Brain Phrye

code cooking diy fiction personal photos politics reviews tools 

The Unix Way

I was reminded of this article which is a nice little example of how to use shell tools in Unix to solve problems faster than if you were to “write a program.”

You’re still coding in shell, it’s just that each “line” is a pretty powerful function. Plus each function has a pretty simple interface: it will take a text stream and some positional or named arguments and it will produce two text streams (one is usually “the output” and the other is usually an “out of band” stream) and an integer.

And within these constraints, you can write really powerful programs. Sometimes ridiculously more powerful.

Looking at McIlroy’s code there’s another thing to note:

tr -cs A-Za-z '\n' |
tr A-Z a-z |
sort |
uniq -c |
sort -rn |
sed ${1}q

The commands leading up to each sort can run in parallel; consuming and using the output of the previous step in the pipeline as it is created. The sorts are bottlenecks where the data builds up until all previous pipeline steps complete and the sort begins spewing output.

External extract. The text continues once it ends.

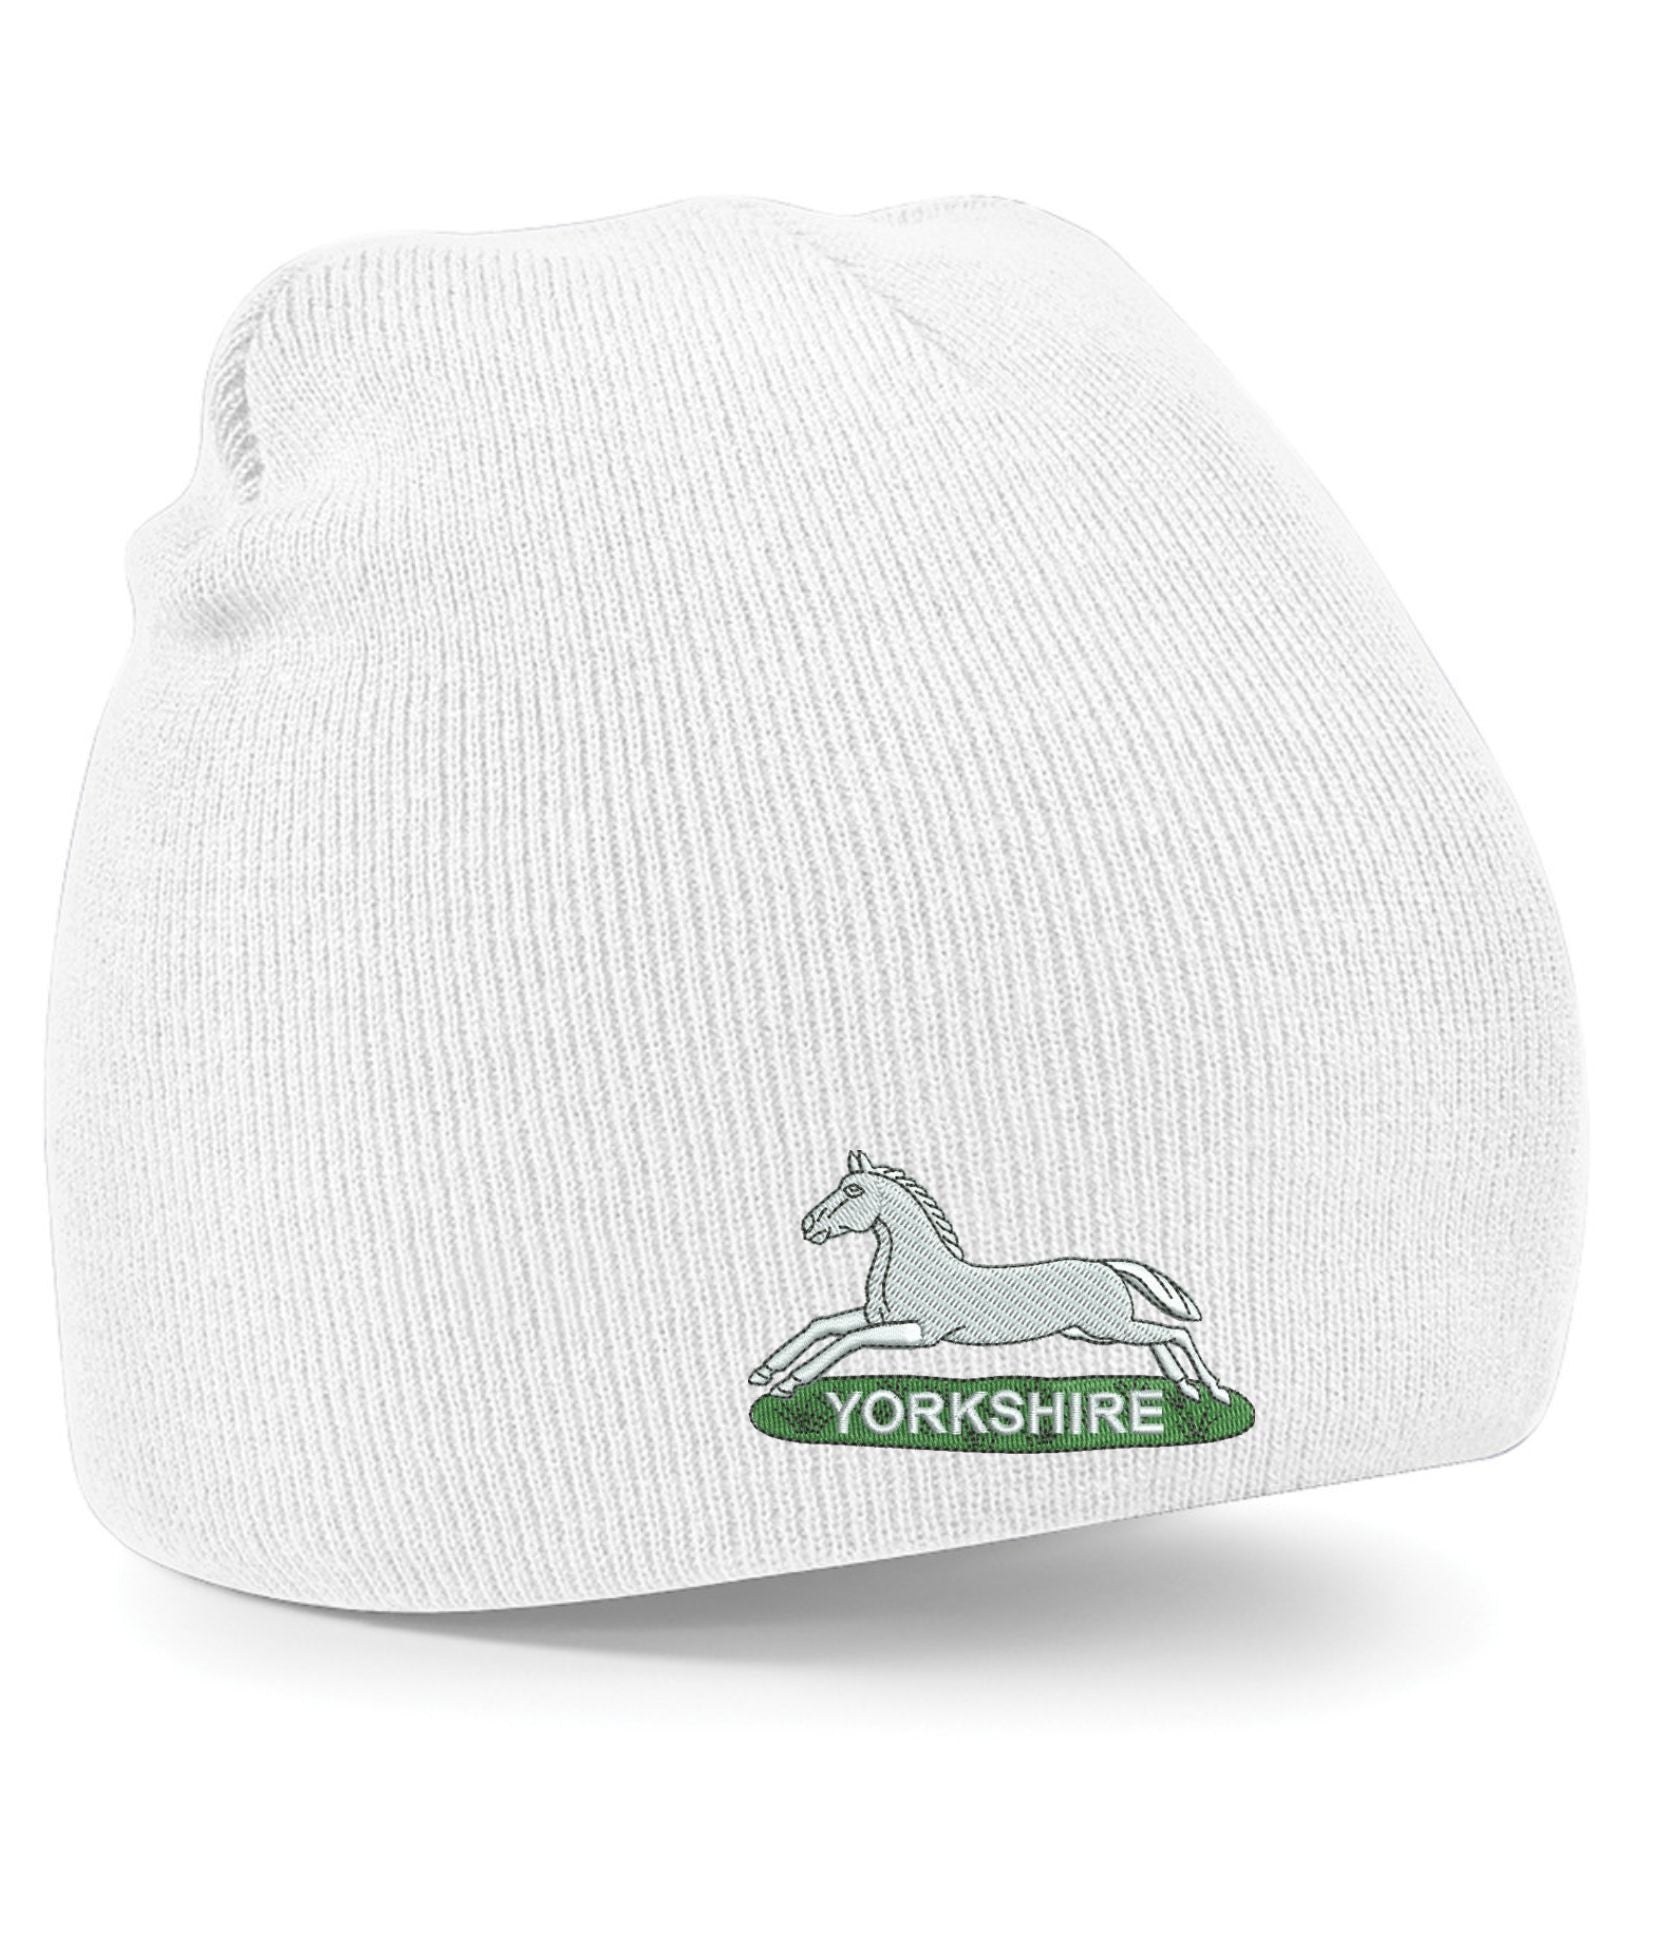 Prince of Wales's Own Regiment of Yorkshire Beanie Hats

So in the example above, first the two trs and the first sort run in parallel. Once the trs exit, sort begins to sort the data and then starts to output. At that point the first sort, the uniq and the second sort run in parallel. Once the first sort and the uniq complete, the second sort begins to sort and once output happens it and the sed run in parallel - with the sed quitting causing the second sort to exit before finishing output (in all likelihood).

The shell-v-hadoop article above goes into way more detail on the builtin, implicit parallelization of shell, but it’s an impressive feature of the language and is one that can bring surprising performance benefits if used correctly.